Back in 2017, Luke Turner of the Quietus suggested some answers in an article for Crack. These included websites' and magazines' increasingly ingrained aversion to risk caused by a concern not to wreck relationships with labels and PR companies, and a similar fear of upsetting rabid fanbases.
But fellow critic Steven Hyden, writing in the wake of Larson's demolition job, argues that both of these reasons are overstated: "What I never hear mentioned is the simplest and most logical explanation, which (in my view) is also the truest - it's about the decline of the general-interest music critic." For Hyden, "pure, uncut haterism also requires a certain distance from the topic".
It's an interesting contention, and - speaking from personal experience, at least - I suspect it's a valid one. Rightly or wrongly, I rarely offer to review/accept a commission to review anything (whether a gig or a release) that I'm not already predisposed to regard favourably. Bootings are as much a pleasure to write as they are to read - but all the same I'd rather spend time with a record or at a gig that's actually enjoyable, and write about an artist whose work I feel I can fairly engage with rather than someone operating far beyond my critical comfort zone.

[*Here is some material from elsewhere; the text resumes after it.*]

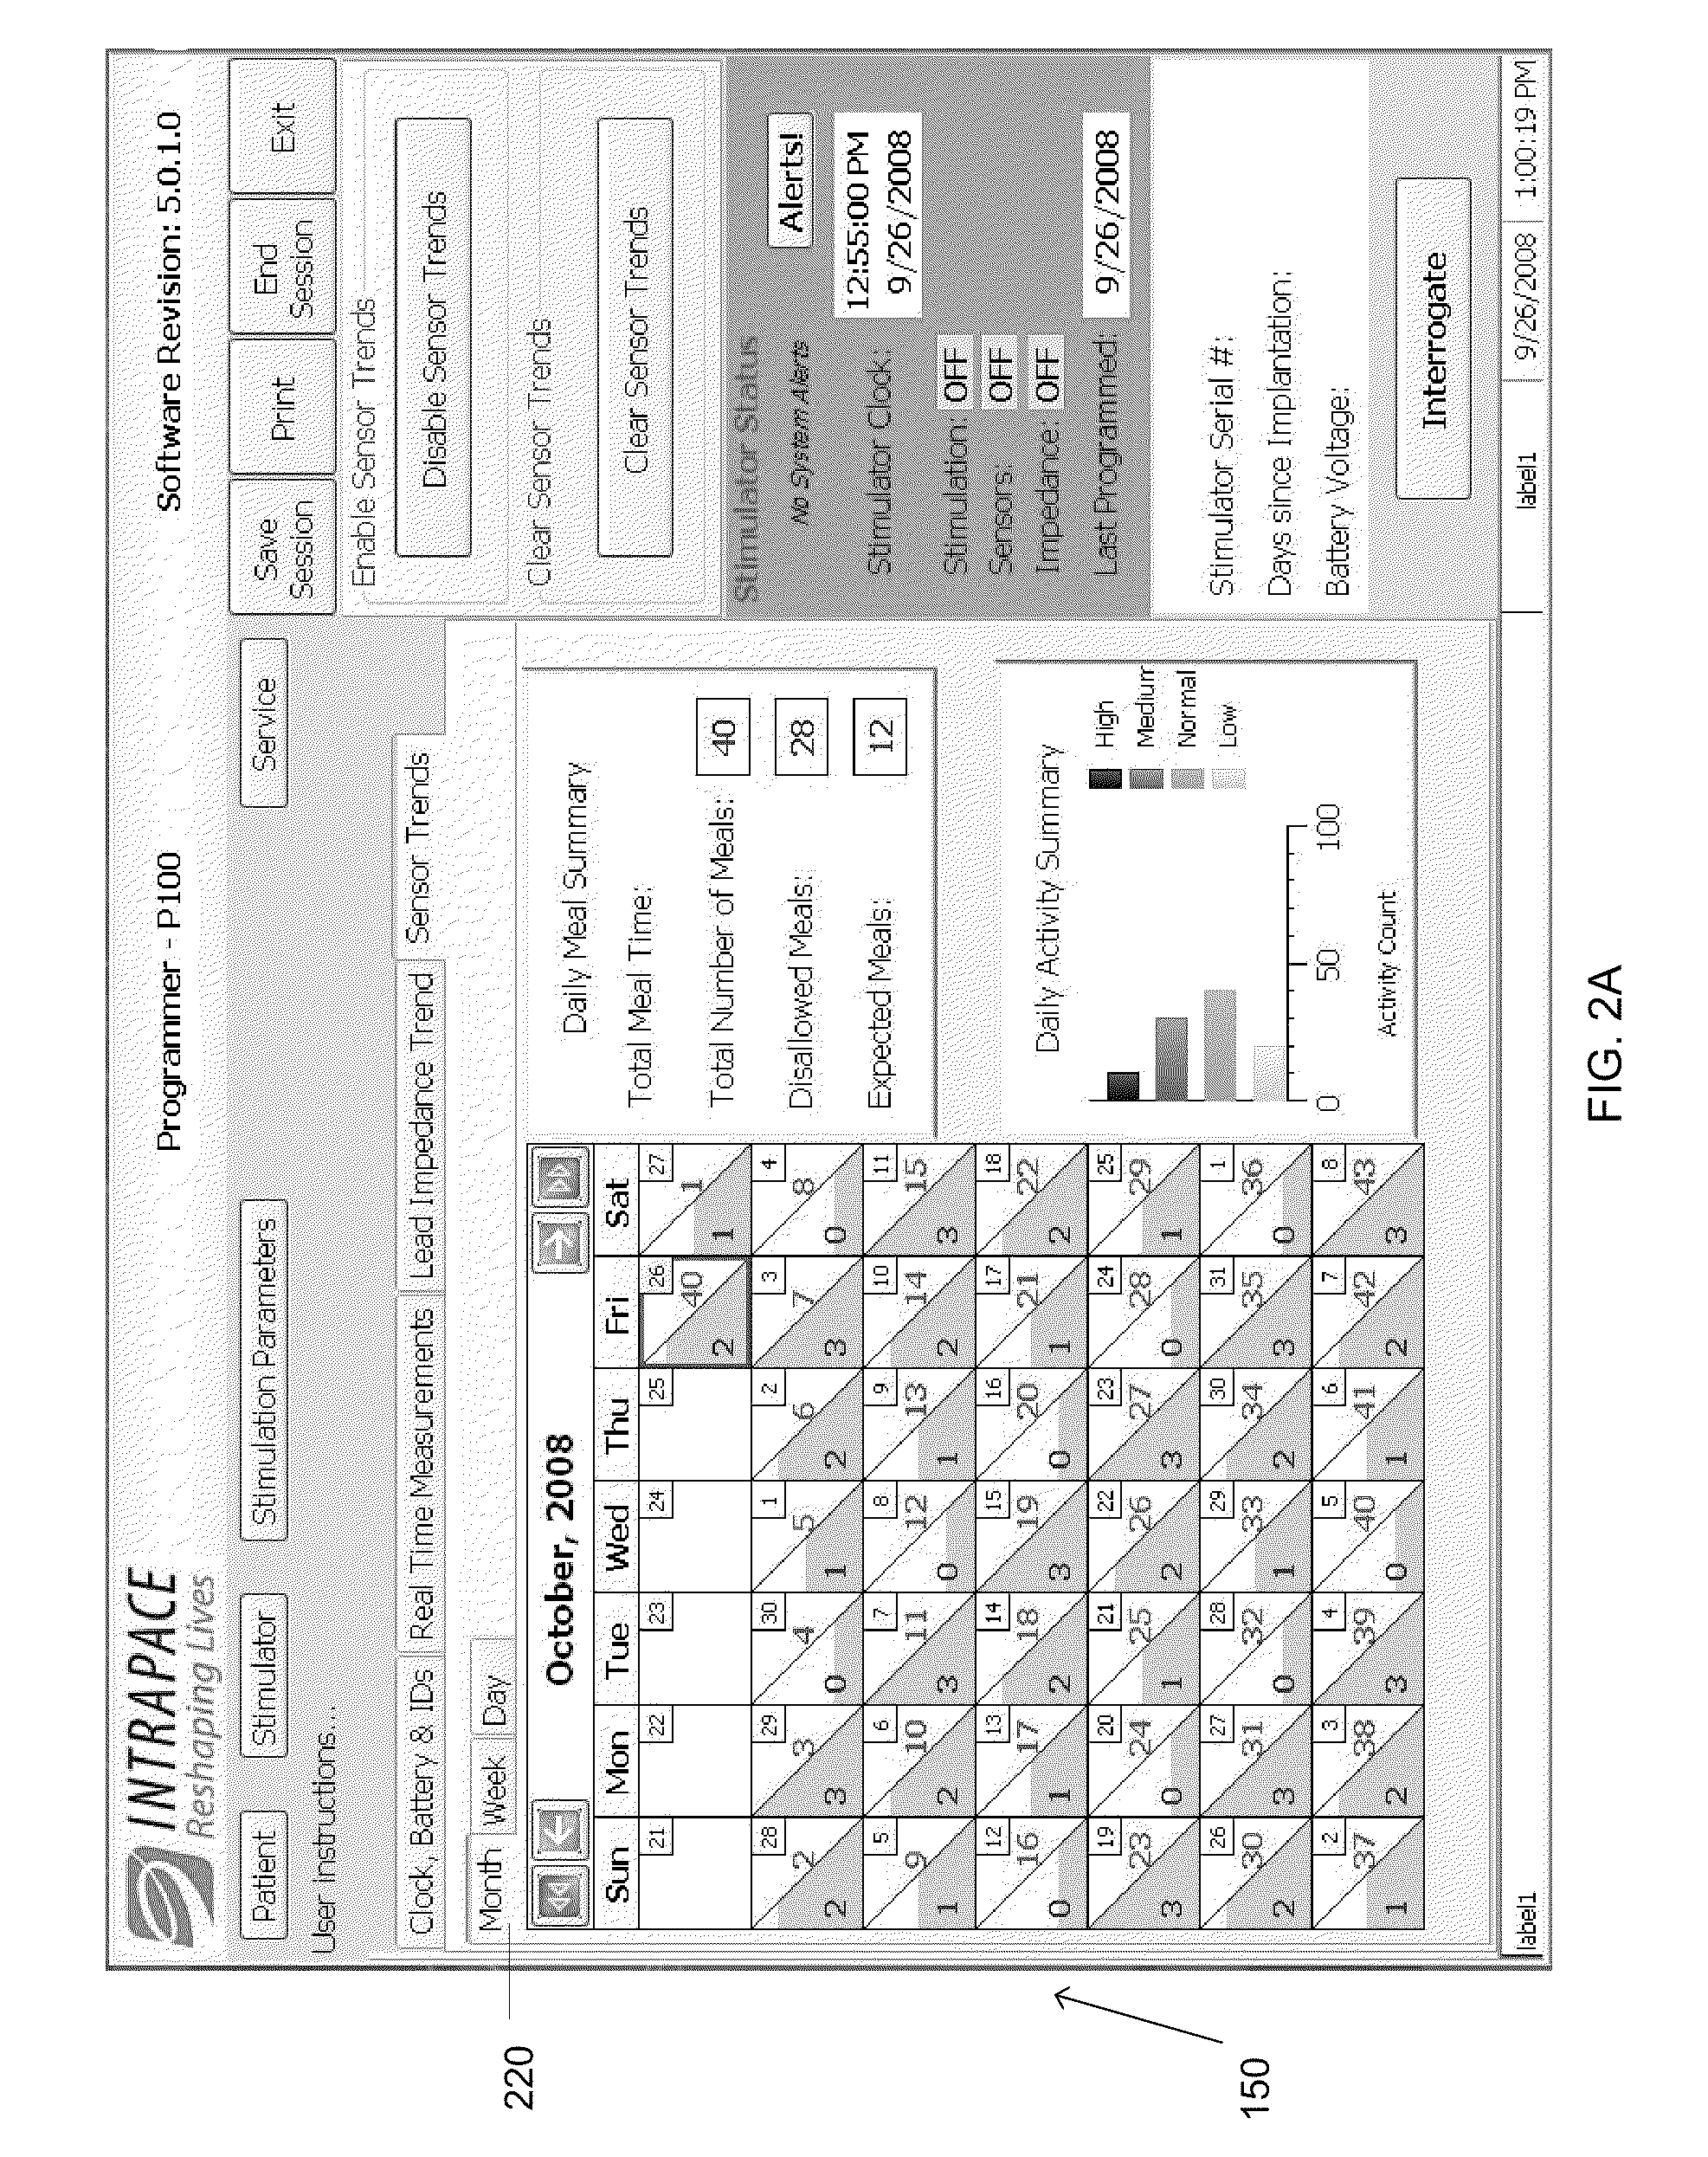 Feedback systems and methods for communicating diagnostic and/or treatment signals to enhance obesity treatments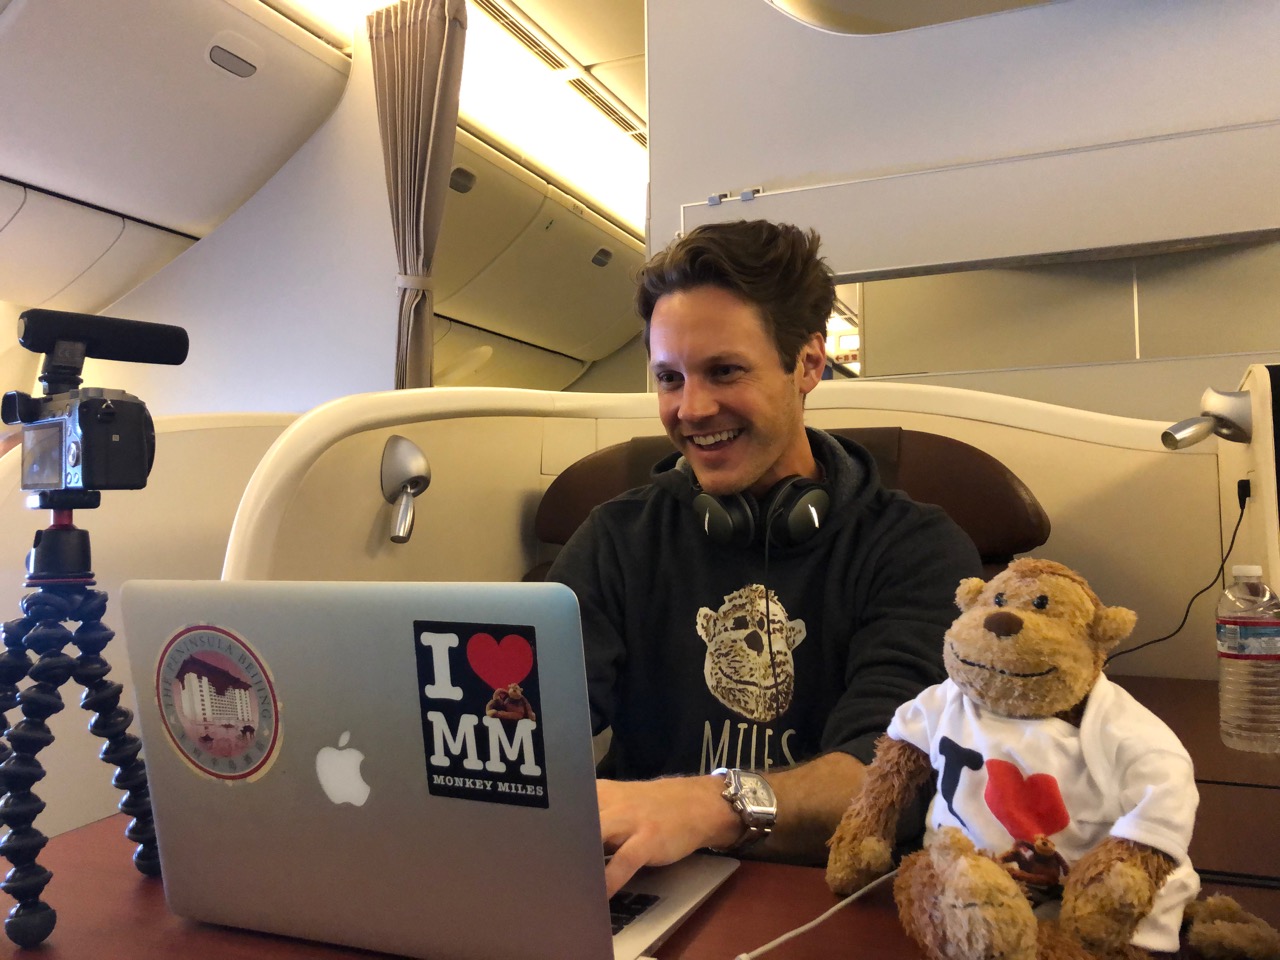 a man sitting at a desk with a laptop and a stuffed animal

This isn't to say that there's no place for negativity, though - far from it. There are always unexpected disappointments, and honesty dictates that I'll still call out the bad and the ugly, however painful, as well as lauding the good (this being a relatively recent example).
As music writers like JR Moores and Emma Wilkes have argued, reviews shouldn't simply be uncritical PR, and bravery is required - something that both writers and publications would do well to remember.